*** Given entries Section Begins ***

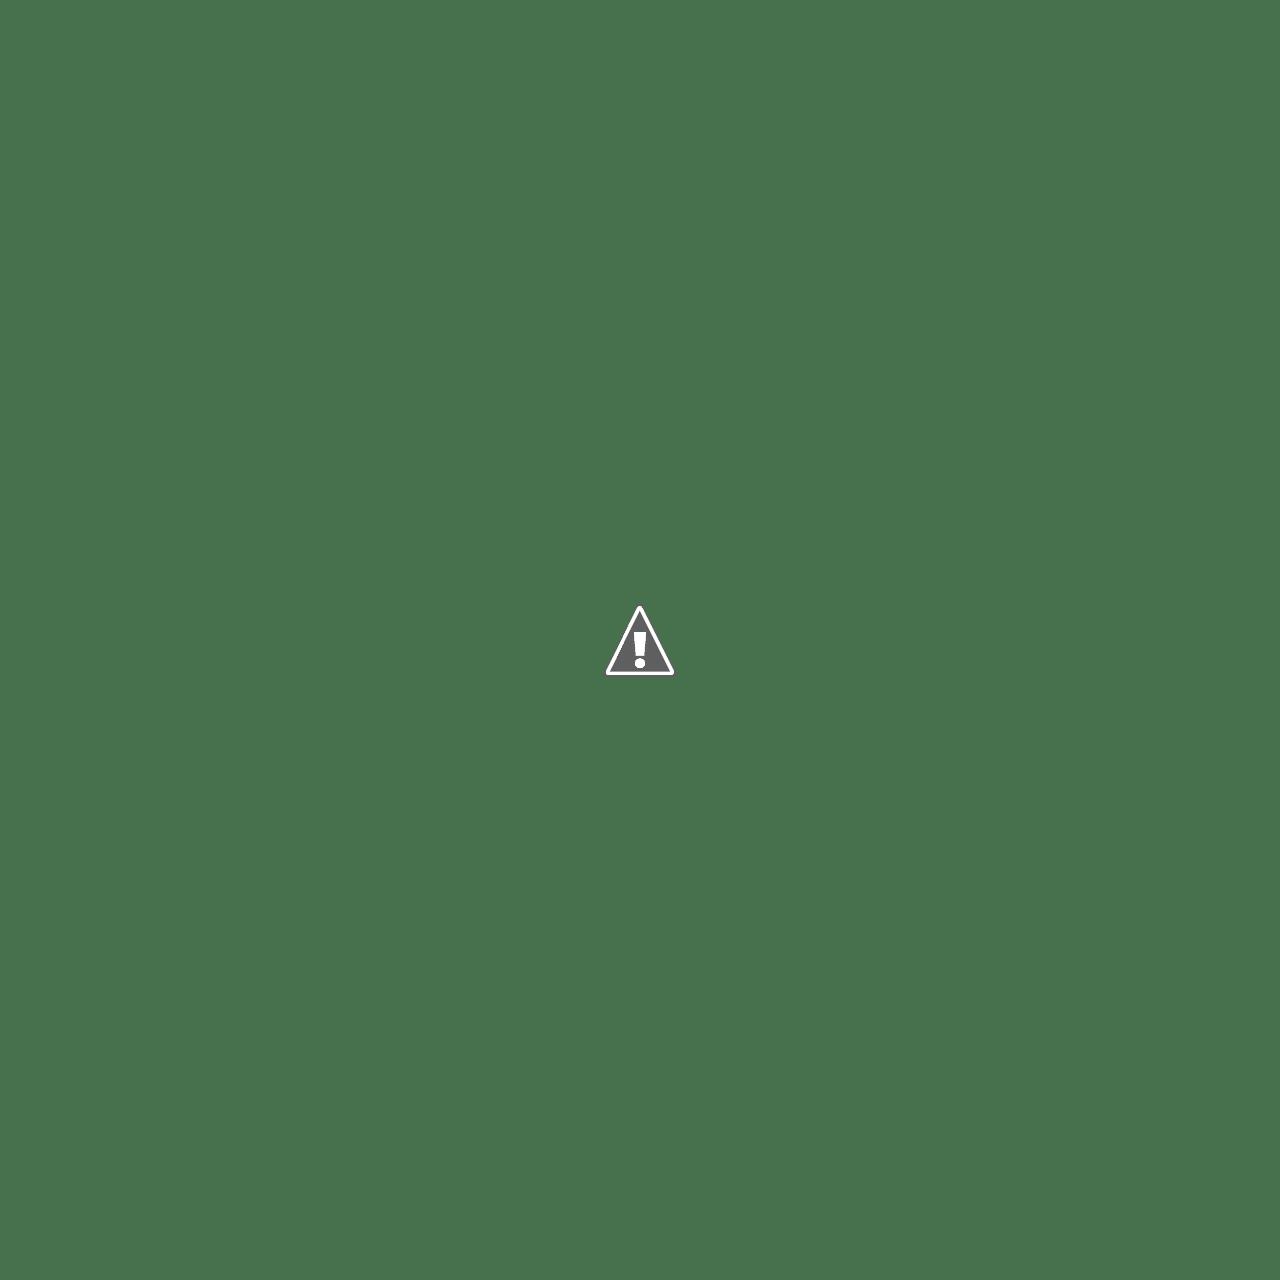 Manisha Design House Vadodara Vapi Architecture Interior Fashion Designing Institute In Vadodara Gujarat India
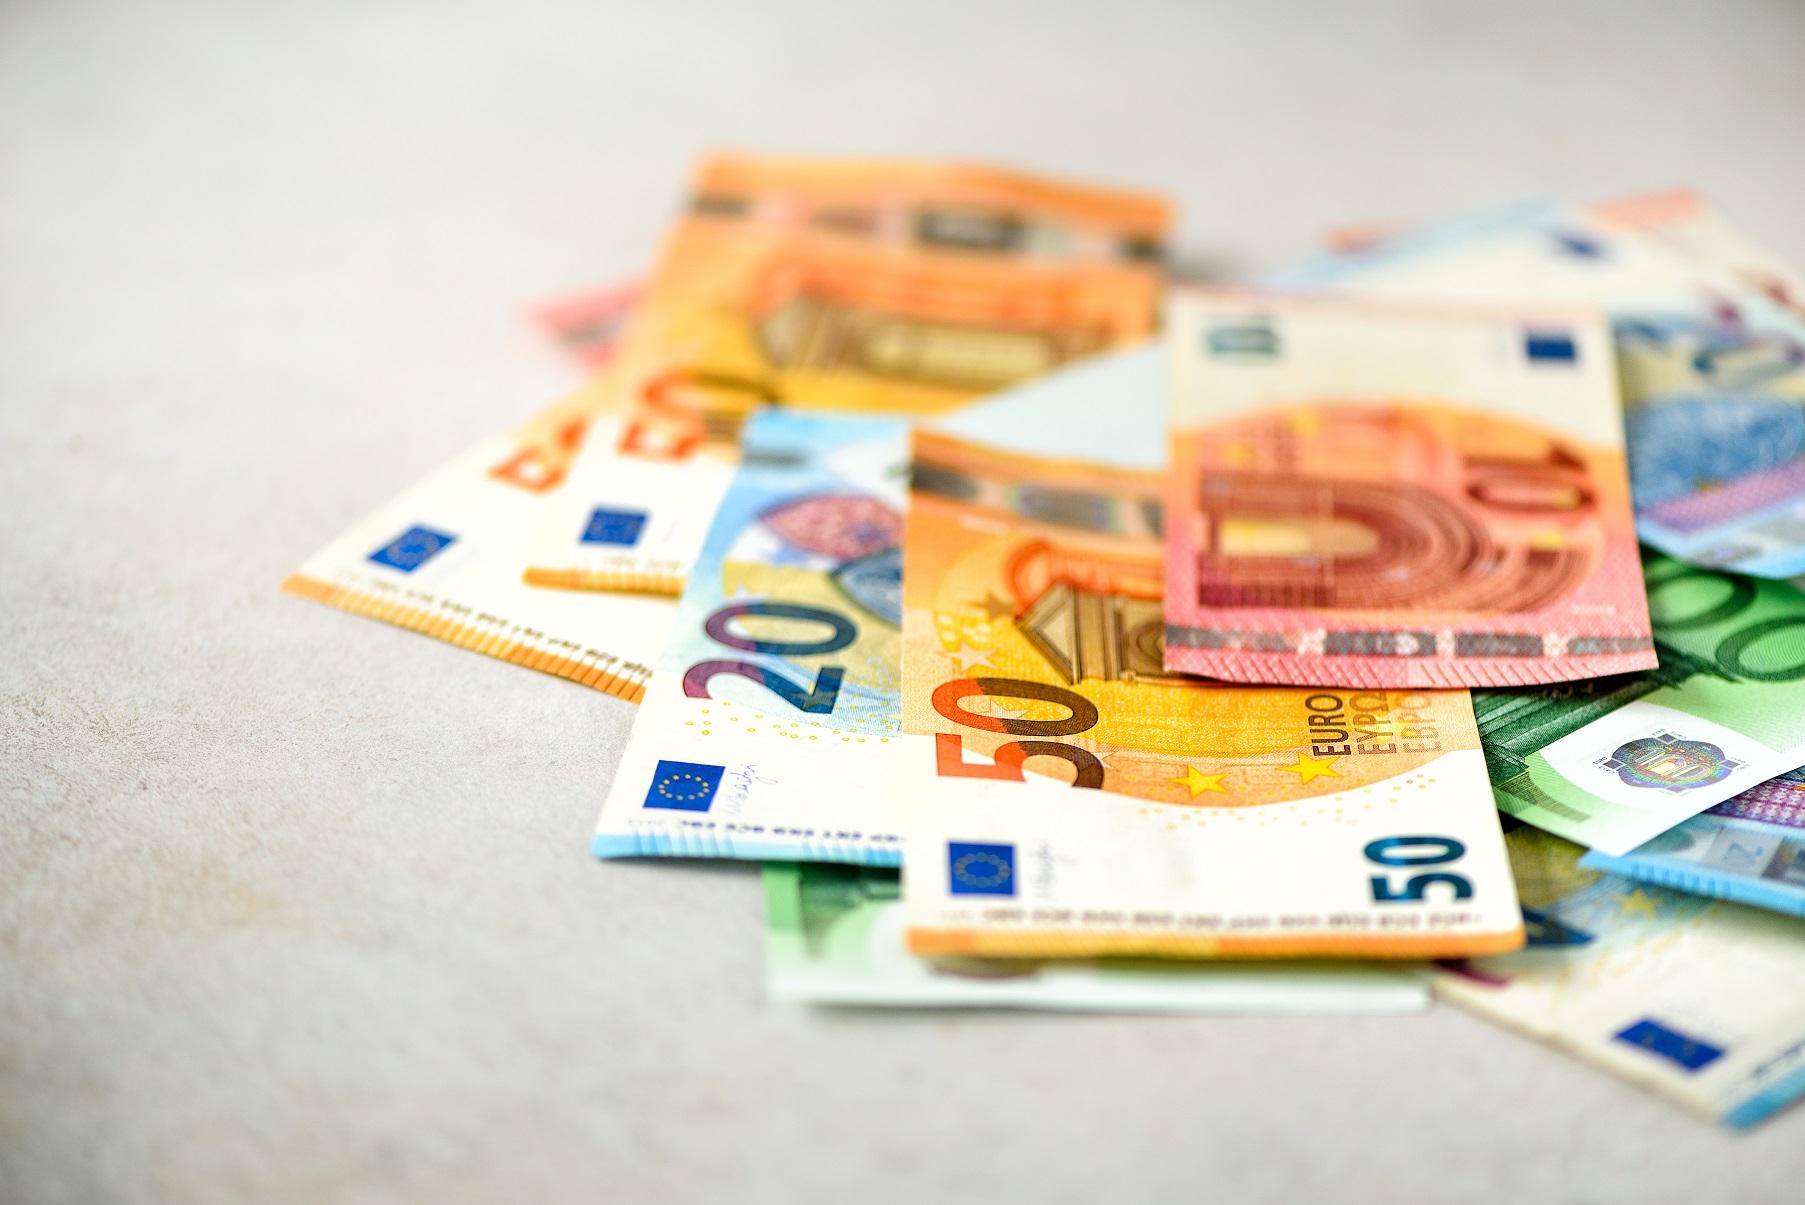 Leader in money transfers
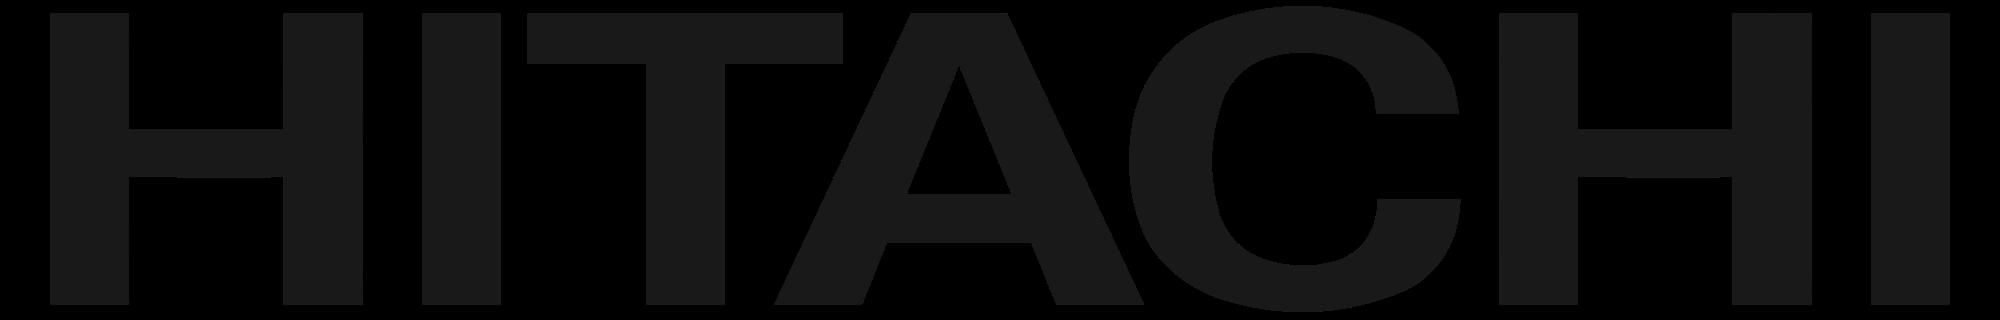 2000px-Hitachi_logo.svg
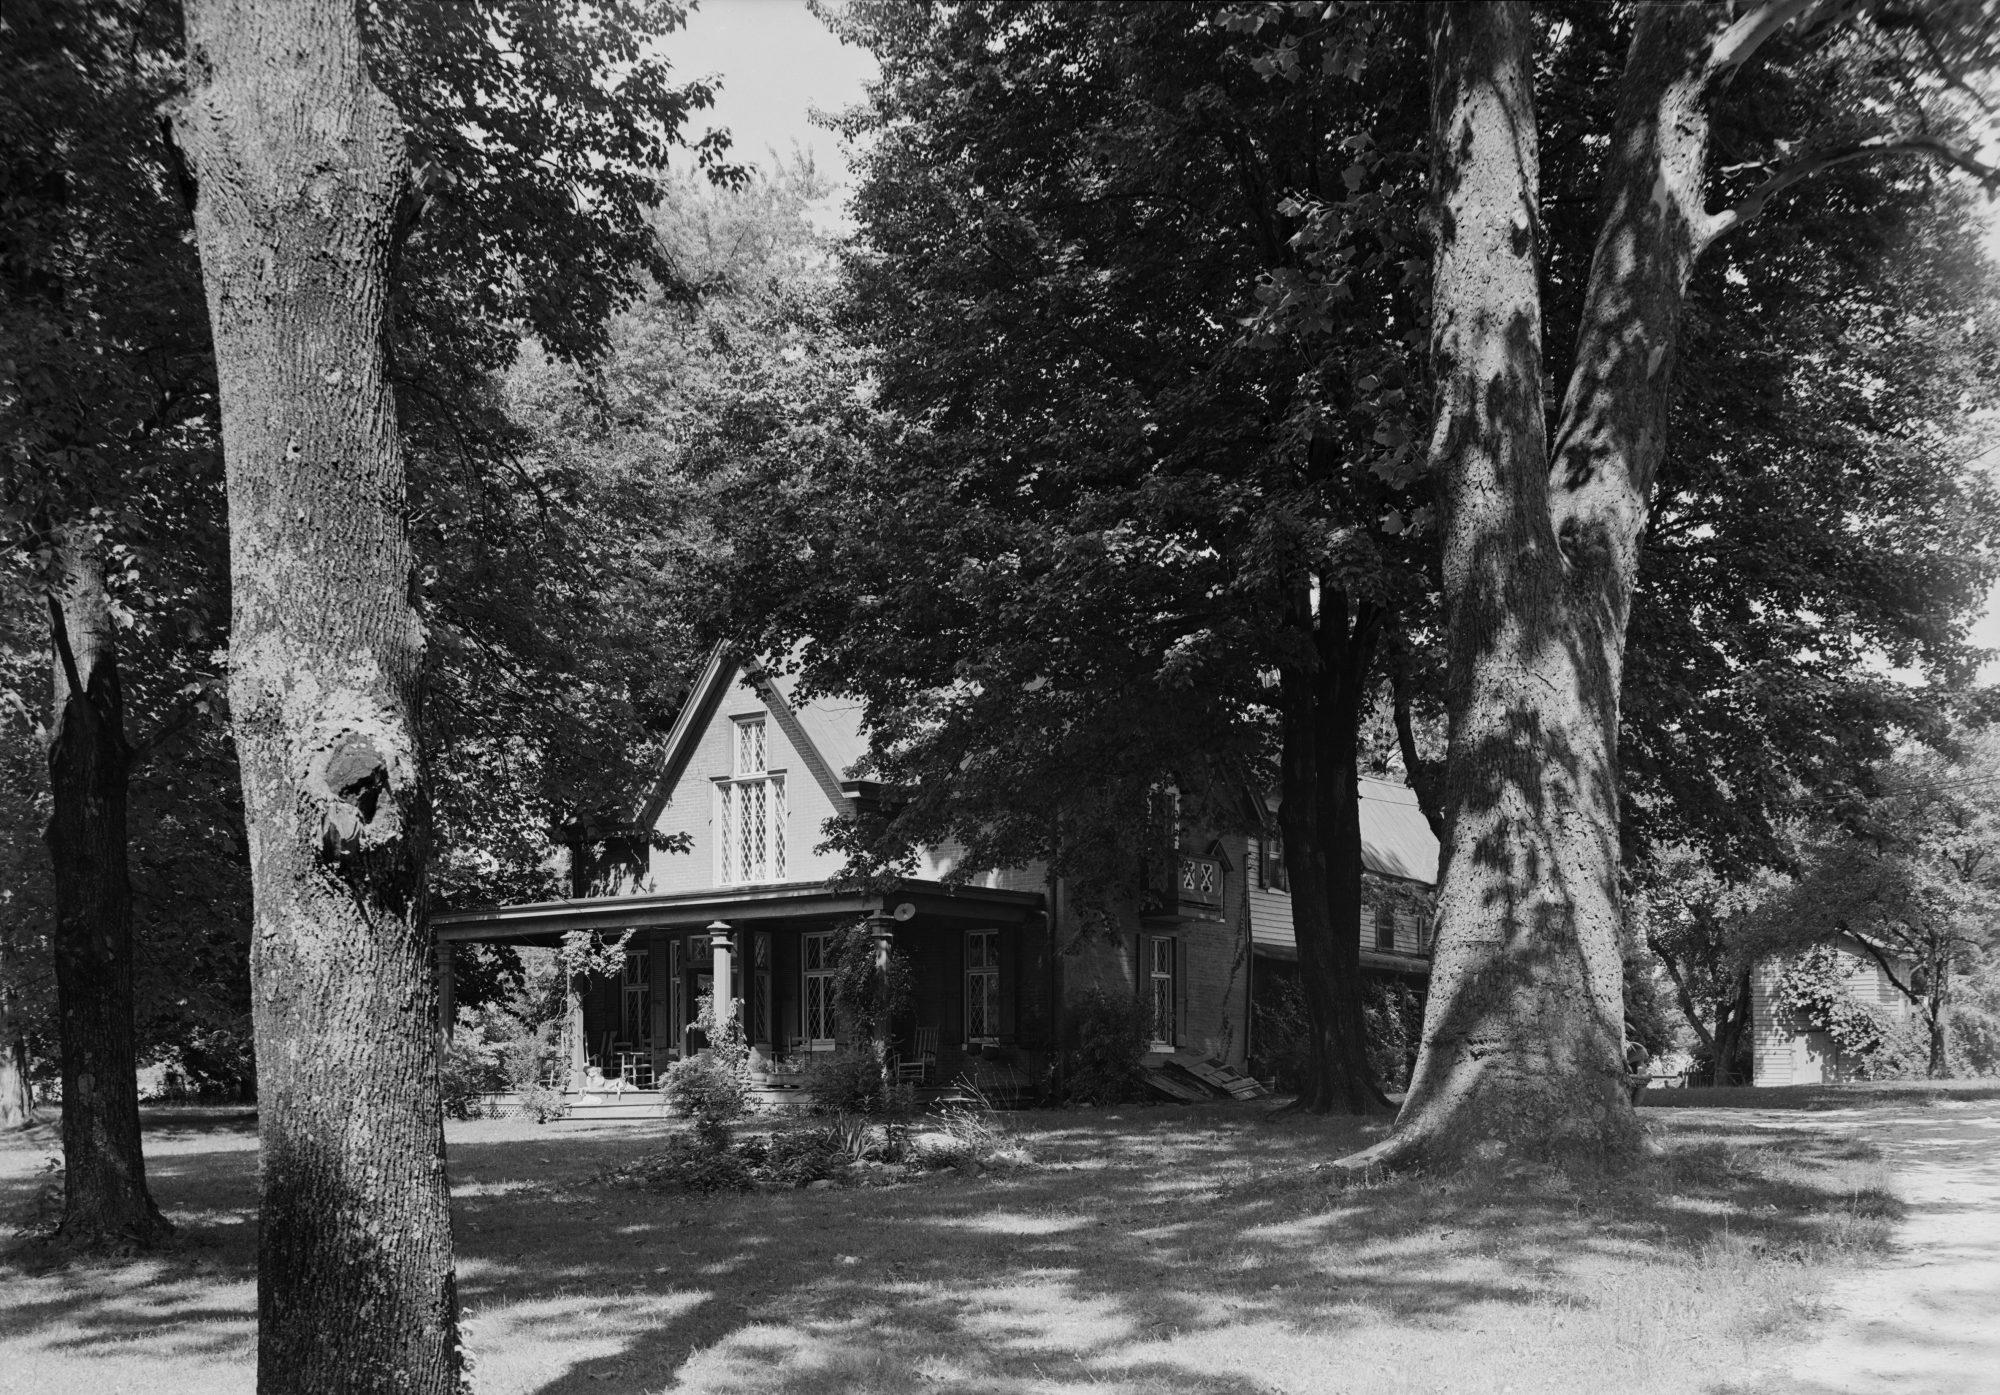 Tudor Hall, Home of the Booth Family – Jennifer Chiaverini
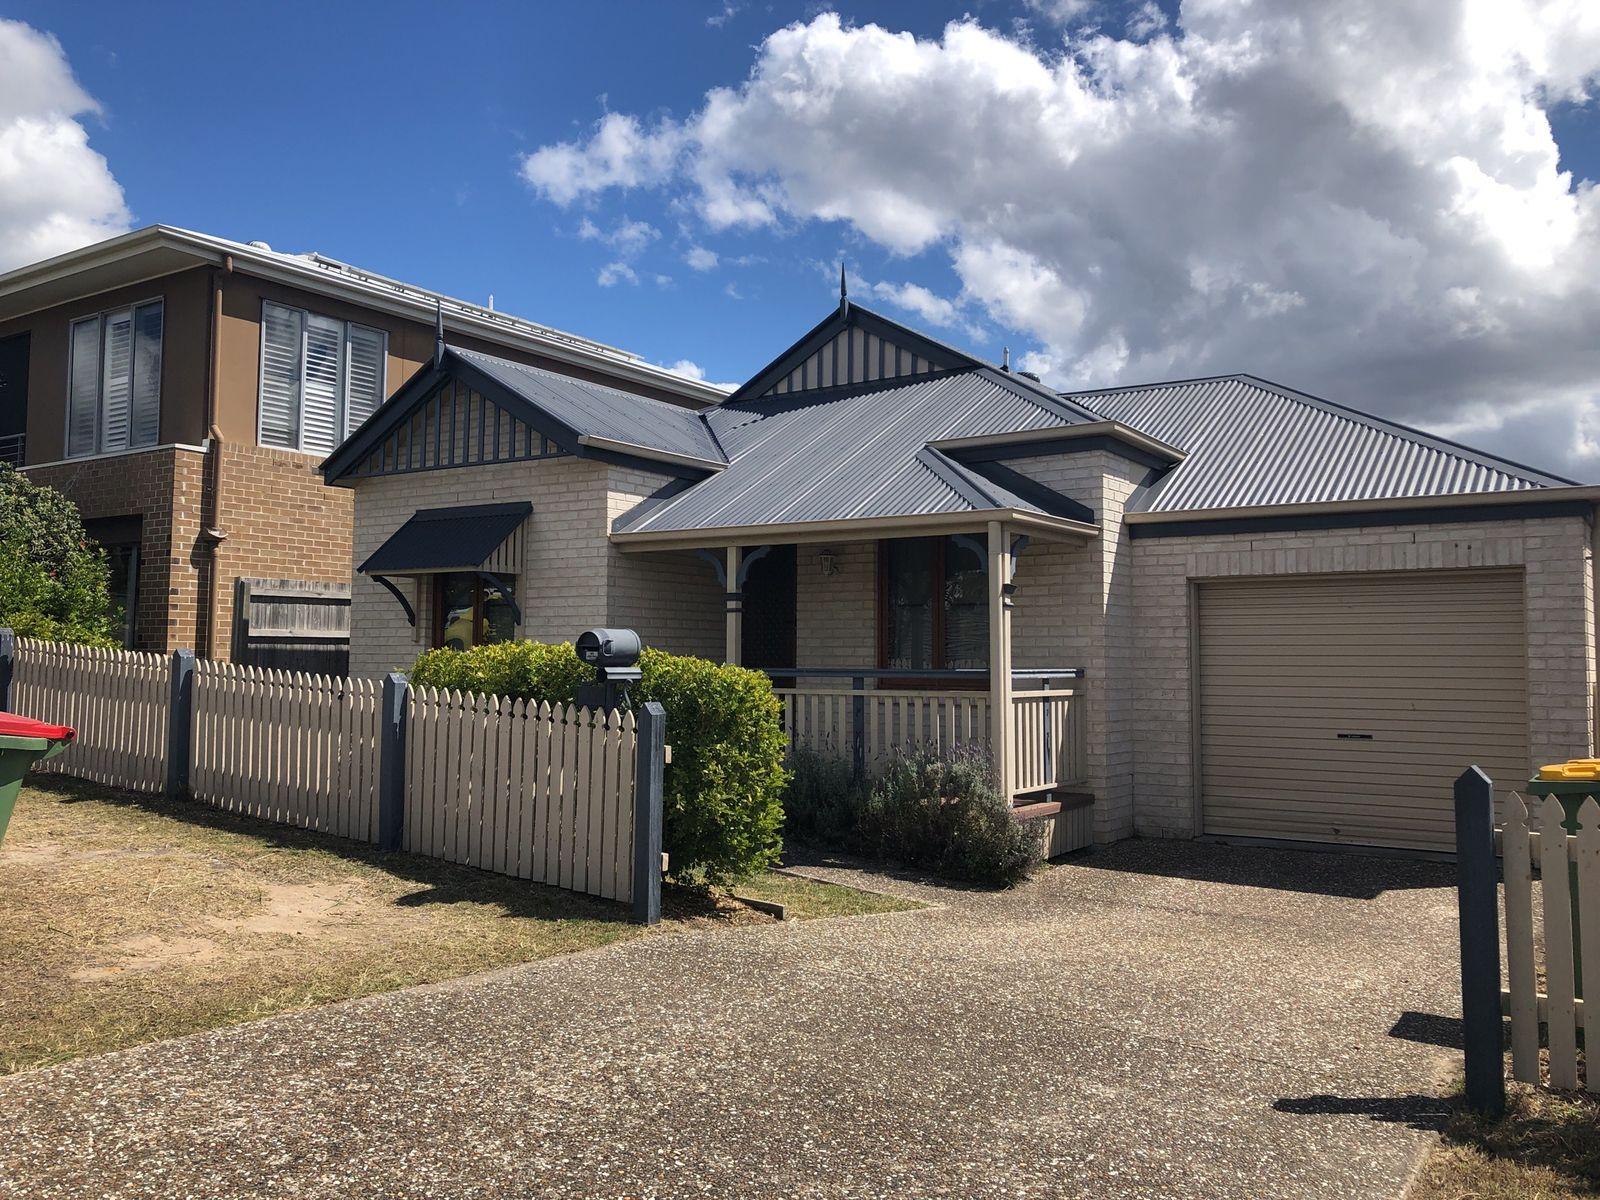 15 Hookes Terrace, Springfield Lakes, QLD 4300

*** Given entries Section Ends ***

Work order :: Return verbatim every line from the line containing "Leader in money transfers" to the last line of the entries above, inclusive, and leave out the pictures.

Written solution ::
 Leader in money transfers
 2000px-Hitachi_logo.svg
 Tudor Hall, Home of the Booth Family – Jennifer Chiaverini
 15 Hookes Terrace, Springfield Lakes, QLD 4300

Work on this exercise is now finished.